- _The task_:
The whole listing below should be retyped exactly, without any images.

- _Exercise data_:

┌──

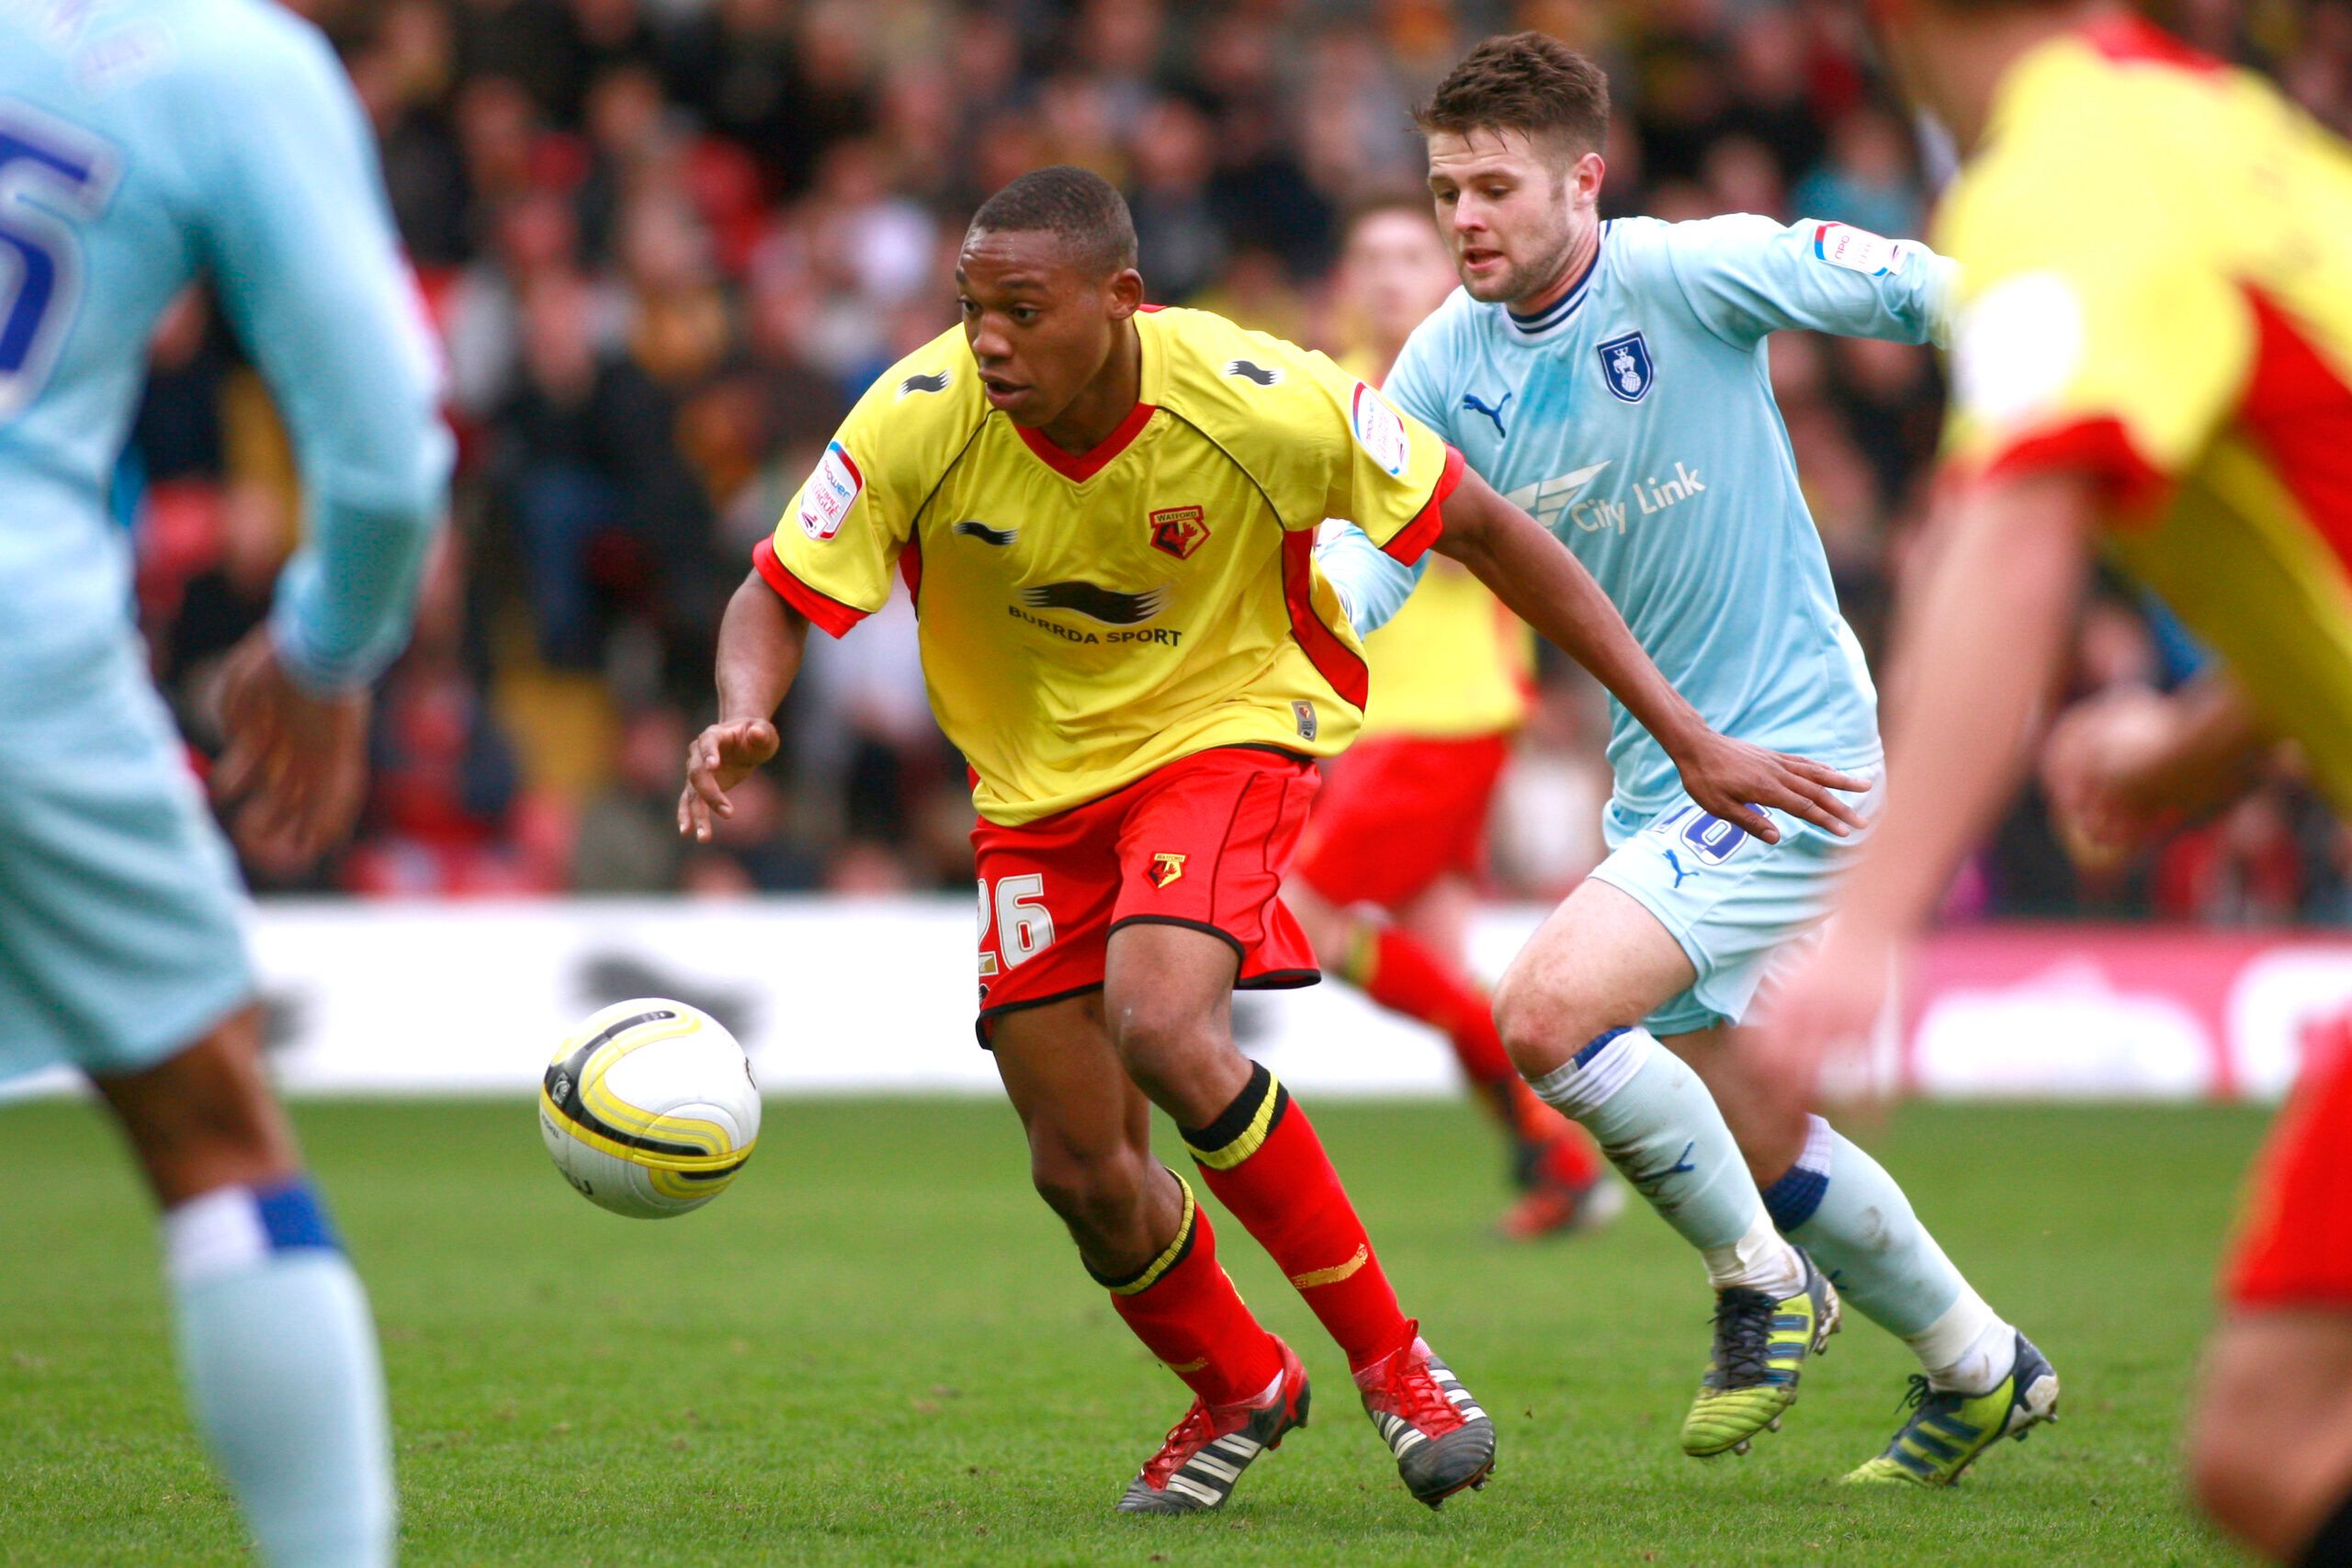 Football - Watford v Coventry City npower Football League Championship  - Vicarage Road - 11/12 , 17/3/12 
Britt Assombalonga - Watford in action against Oliver Norwood - Coventry City 
Mandatory Credit: Action Images / Lee Mills 
EDITORIAL USE ONLY. No use with unauthorized audio, video, data, fixture lists, club/league logos or live services. Online in-match use limited to 45 images, no video emulation. No use in betting, games or single club/league/player publications.  Please contact your ac

└──

- _Exercise result_:
 Football - Watford v Coventry City npower Football League Championship  - Vicarage Road - 11/12 , 17/3/12 
Britt Assombalonga - Watford in action against Oliver Norwood - Coventry City 
Mandatory Credit: Action Images / Lee Mills 
EDITORIAL USE ONLY. No use with unauthorized audio, video, data, fixture lists, club/league logos or live services. Online in-match use limited to 45 images, no video emulation. No use in betting, games or single club/league/player publications.  Please contact your ac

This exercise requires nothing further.